Она пустилась шагом по улице, а Гаспод, подвывая, потрусил вслед за ней.
Кто-то пел.
'Бог мой! ' — сказал Гаспод. — «Ты только погляди.»
По улице маршировали четверо Дозорных. Два гнома и два тролля. Любимица узнала Осколка.
«Грудь вперед! Без сомнения вы самые ужасные новобранцы, каких мне доводилось видеть! Выше ногу!»
«Я никогда не совершал ничего!»
«А сейчас, впервые в жизни, ты делаешь кое-что, младший констебль Угольнолицый! Это настоящая мужская жизнь в Дозоре!»
Отряд завернул за угол.
'Что происходит? ' — спросила Любимица.
«Спроси меня. Я мог бы узнать побольше, если бы один из них хоть на миг остановился.»
Вокруг Дома Дозора, на Подворье Псевдополиса, стояла небольшая толпа. Они казалось тоже были Дозорными. Сержант Двоеточие стоял под мигающим фонарем, царапая что-то в своем планшете, и разговаривал с маленьким человеком с огромными усами.
«И ваше имя, мистер?»
«САЙЛАС! НЕУКЛЮЖАЯ ВЫПЕЧКА!»
«Вам никогда не доводилось быть городским глашатаем?»
«ТАК ТОЧНО!»
«Точно. Дайте ему его шиллинг, констебль Жвачка! Один для всего вашего отряда.»
'КТО ЭТО КОНСТЕБЛЬ ЖВАЧКА? ' — спросил Неуклюжая-Выпечка.
«Здесь внизу, мистер.»
Человек бросил взгляд на Жвачку.
«НО ВЫ! ГНОМ! Я НИКОГДА…»
'Станьте 'смирно', когда вы разговариваете со старшим офицером. ' — заревел Жвачка.
'Послушайте, в Дозоре нет ни гномов, ни троллей, ни людей. ' — сказал Двоеточие. — 'Только Дозорные. Слышите!
Так всегда говорит капрал Морковка. Разумеется, если вы желаете служить в отряде констебля Осколка…'
'МНЕ НРАВЯТСЯ ГНОМЫ. ' — поспешно сказал Неуклюжая-Выпечка. 'ТАК ВСЕГДА БЫЛО. НО ТОЛЬКО НЕ ЗДЕСЬ. НИ ОДИН. В ДОЗОРЕ, ВОЗРАЖАЮ. ' — добавил он после секундного размышления.
'Вы быстро усваиваете.
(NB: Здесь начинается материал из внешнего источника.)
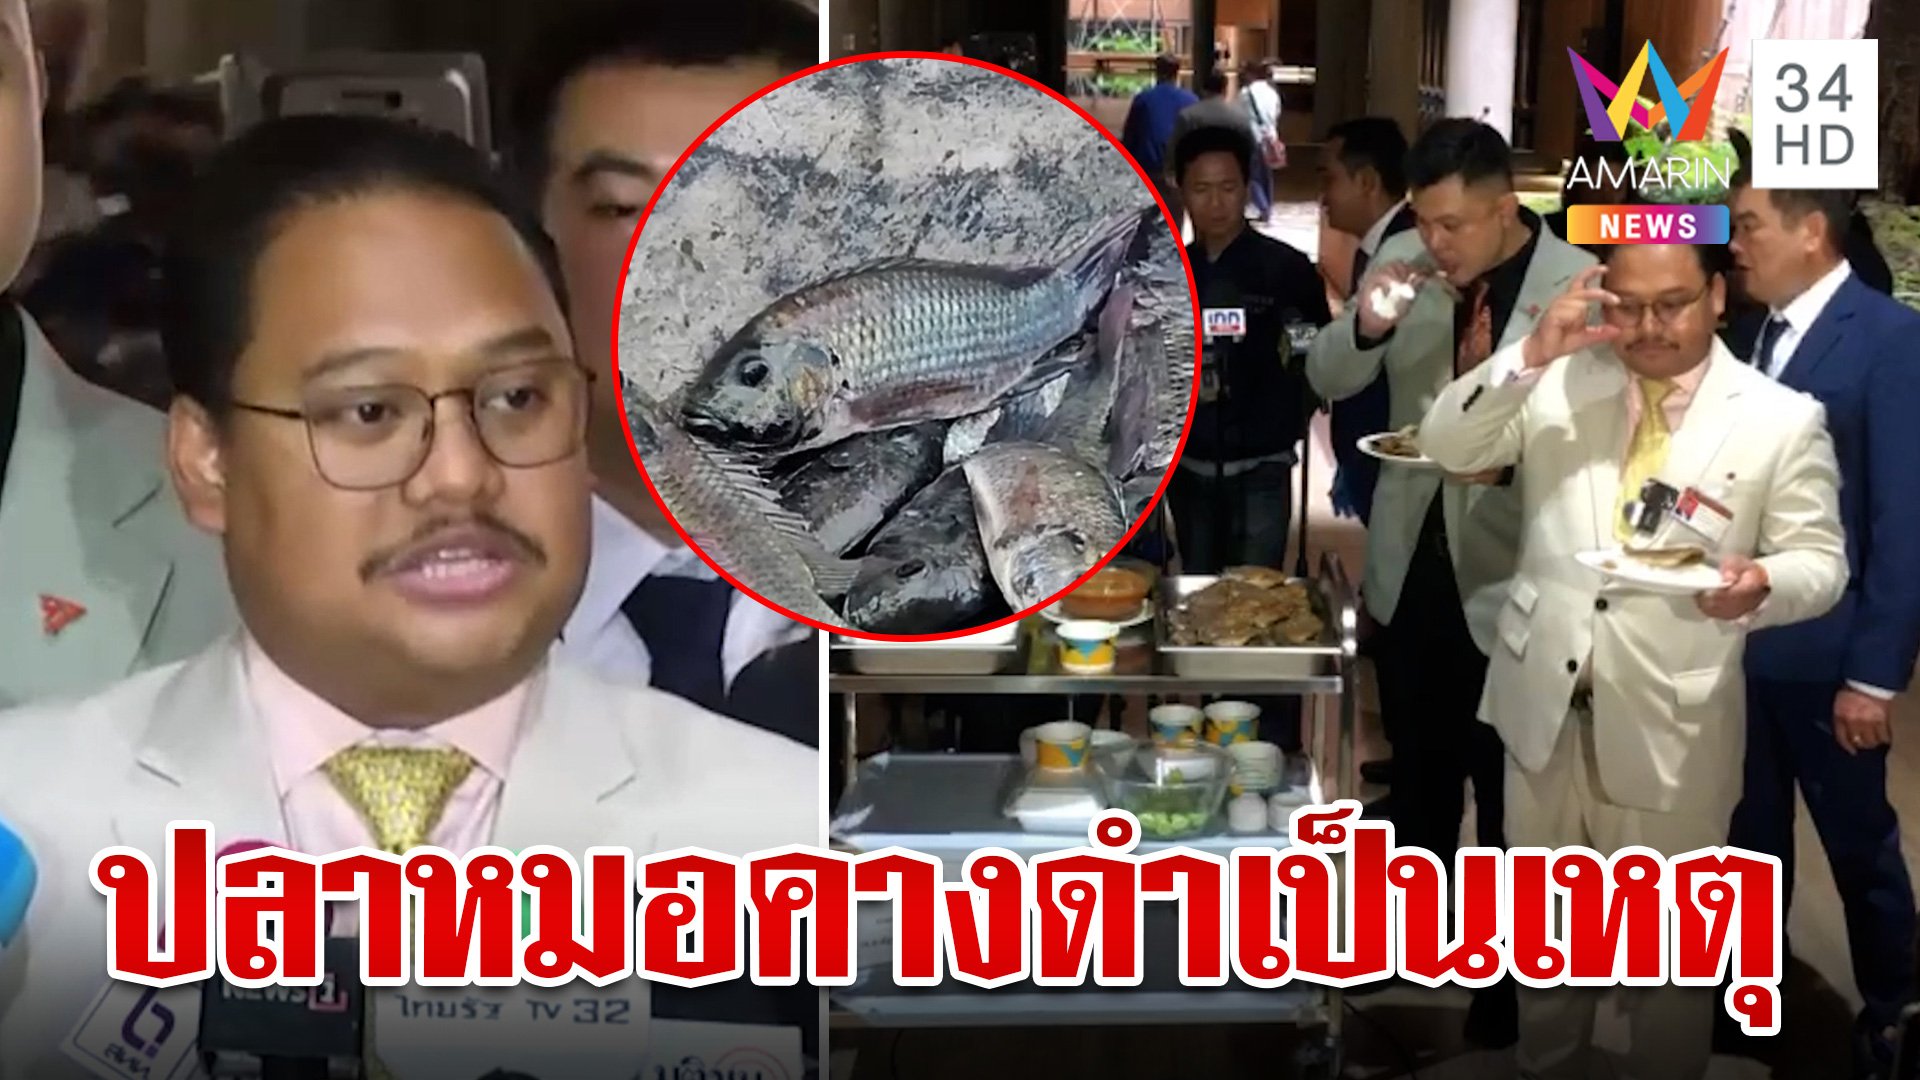 "ณัฐชา" เดือด ถูกสั่งห้ามถ่ายภาพตอนกินปลาหมอคางดำทอดในสภา | ทุบโต๊ะข่าว | 25 ก.ค. 67 | AMARIN TVHD34

Вы пройдете длинный путь в этой армии настоящих мужчин. ' — сказал Жвачка. «В один прекрасный день вы обнаружите фельдмаршальскую железяку где-нибудь у себя в носовом платке. Сомкнуть строй! Грудь вперед!»
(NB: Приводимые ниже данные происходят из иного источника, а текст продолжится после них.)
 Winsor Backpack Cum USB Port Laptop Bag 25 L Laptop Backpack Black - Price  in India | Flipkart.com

'Пятый новобранец пока что. ' — сказал Двоеточие капралу Валету в то время, как Жвачка со своим новым подчиненным удалились в темноту. — «Даже Декан Университета пытался вступить.»
«Потрясающе.»
Любимица обменялась взглядами с Гасподом.
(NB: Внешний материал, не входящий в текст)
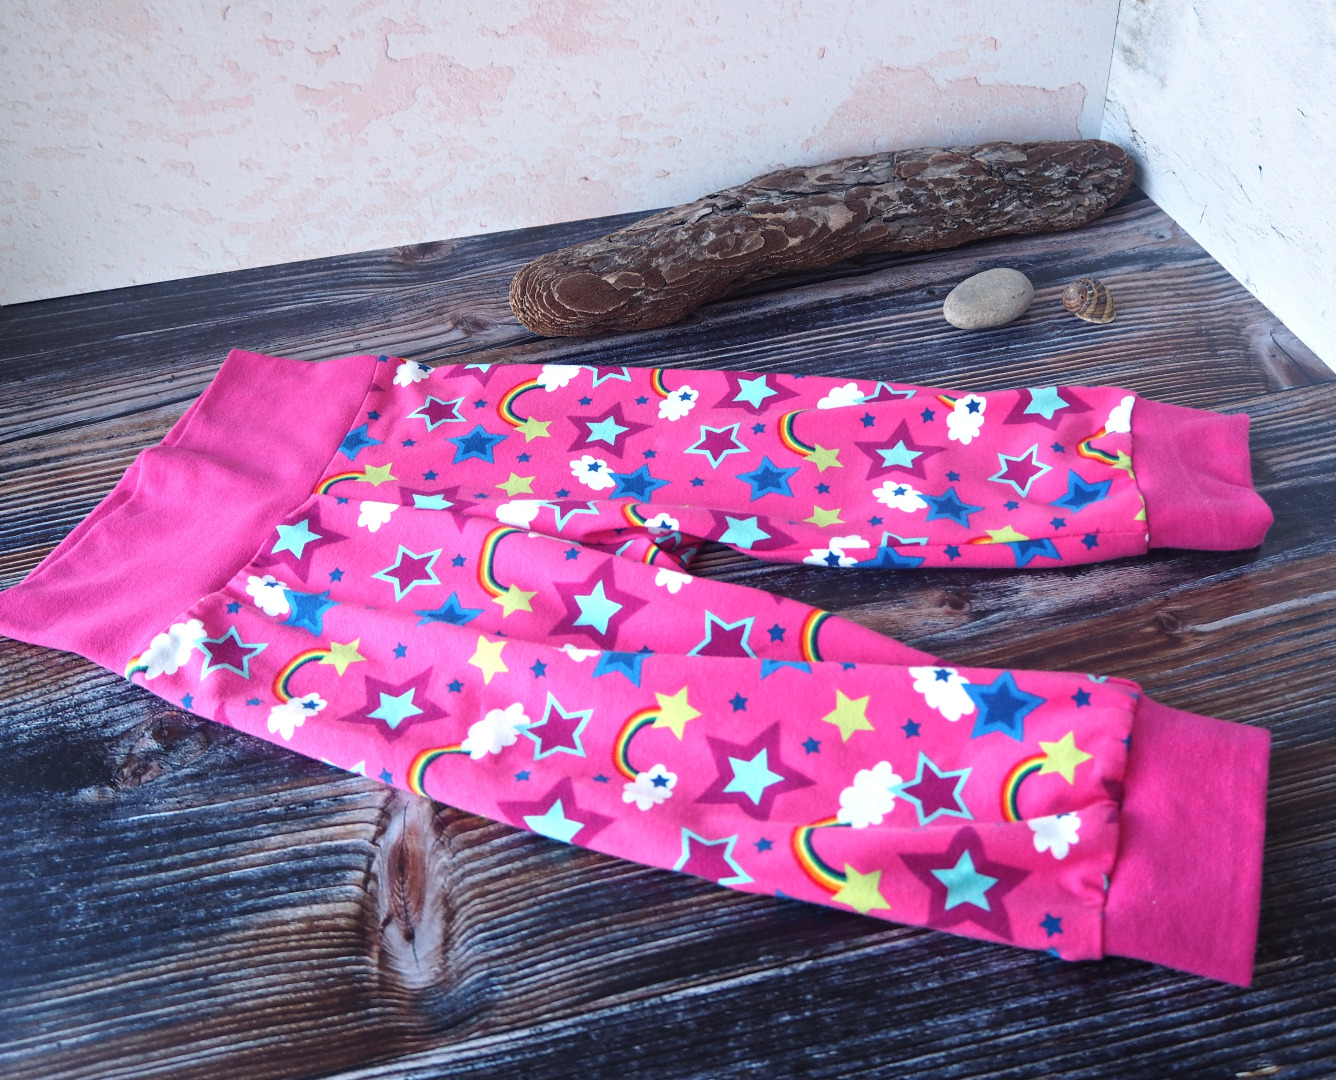 Pumphose 3/4 Länge für Kinder kurze Pumphose für kleine Mädchen in pink gemustert mit Regenbögen und Sternen Größe 110 - 116

'Осколок без сомнения выстраивает их в ряд с помощью кулаков. ' — сказал Двоеточие.
'Через десять минут они глина в его руках. Подумай только. ' — добавил он. — «все что угодно, через десять минут глина в его руках. Припоминаю своего чертового сержанта, который был у нас, когда я только вступил в армию…»
'Он был крутым? ' — сказал Валет, подкуривая сигарету.
'Крутым? Бог мой! Тринадцать недель сплошных страданий, что было, то было! Каждое утро пробежка на десять миль, по уши в грязи половину времени, а он без умолку верещит и кроет нас день-деньской! Однажды он заставил меня всю ночь напролет чистить унитазы зубной щеткой! Чтобы поднять нас с постелей, он колотил всех палкой с шипами! Мы должны были прыгать сквозь обручи, мы смертельно его ненавидели и могли бы выпустить ему кишки, если у кого-нибудь хватило бы духу, но разумеется никто не отважился. Он предоставил нам три месяца живой смерти. Но… знаешь… после выпускного парада… мы, глядя на самих себя, все в новеньких мундирах, и вообще, наконец-то настоящие солдаты, глядя какими мы стали… ну, мы увидели его в баре, и… не думал, что придется рассказать тебе… ' Любимица с Гасподом увидели, как Двоеточие вытер подозрительную слезу.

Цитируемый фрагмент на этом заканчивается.